The lawsuit stated that “DraftKings advertising the bonus was unfair and misleading because an eligible customer who is, by definition a new sports bet participant in Massachusetts, such as the plaintiffs would not understand the costs and risks involved to qualify for the $1,000 bonus.”

If the Plaintiffs understood what it would cost to win the bonus or how likely they were to do so, then they wouldn’t have taken part in the promotional campaign.

DraftKings should have been aware that their advertisement was misleading to the target audience, which were new sports bettors who would not understand any of the terms and conditions, no matter if they were written in English or were printed in font sizes that could easily be read by a consumer.

DraftKings criticized for unfair business practices

DraftKings was also charged with “knowingly and unfairly” constructing its bonus. It claims that this was done to maximize the number of players signing up, wagers made and money spent. The report added that gambling is a particularly addictive activity.

The suit stated that gambling products were not normal consumer goods. They are highly addictive.

The marketing of an addictive product must take extra precautions in order to minimize the risk of addiction. They should not demand that new customers, who may be gambling naive, wager $25,000 to receive a promotional deal.
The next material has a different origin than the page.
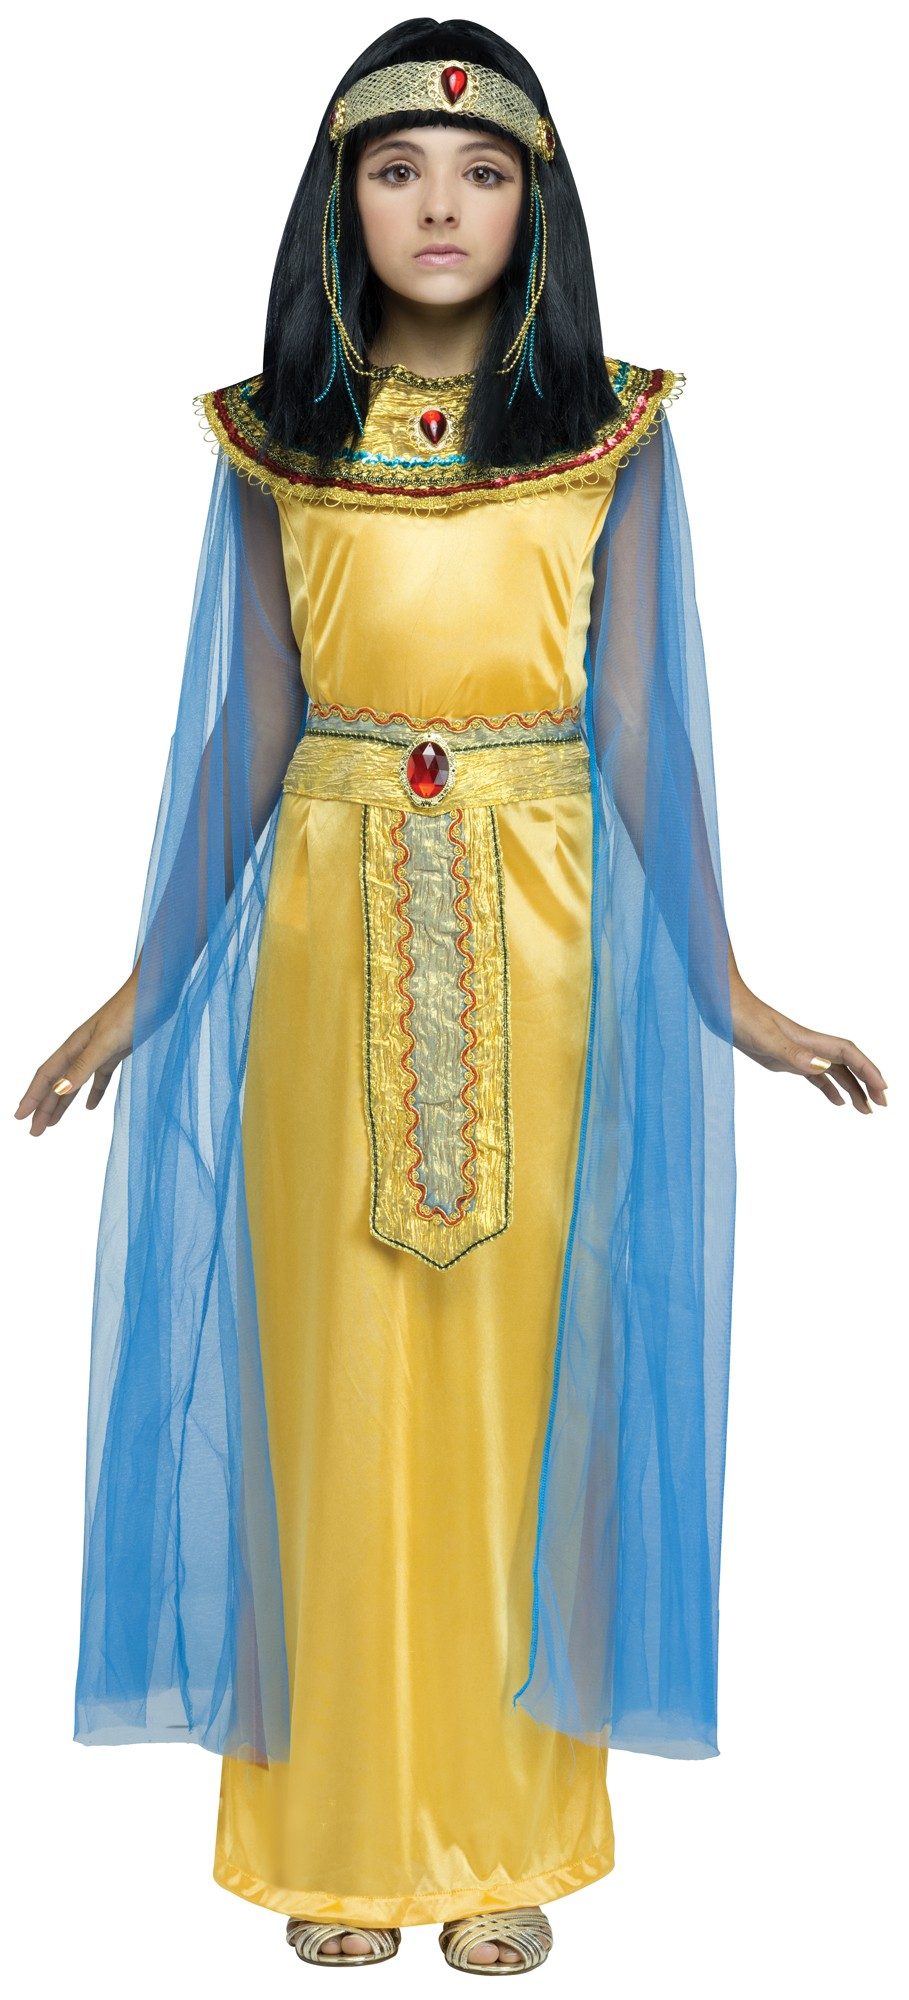 Goldren Cleopatra Costume  sc 1 st  Mega Fancy Dress & Goldren Cleopatra Costume | Letter

DraftKings promotion is unfair for the same reason.”

In the suit, it was stated that although plaintiffs did not claim addiction, they were seeking economic damages as well as statutory damages and treble damage, along with injunctive and other relief.

The lawsuit also demands that DraftKings stop this promotion and all others like it.

Mark Gottlieb, executive director of PHAI said: “Shane & Melissa were typical of the many thousands in Massachusetts that were misled and wouldn’t have signed up if they had understood DraftKings unfair and deceptive conditions.”

DraftKings has not yet responded to the complaint.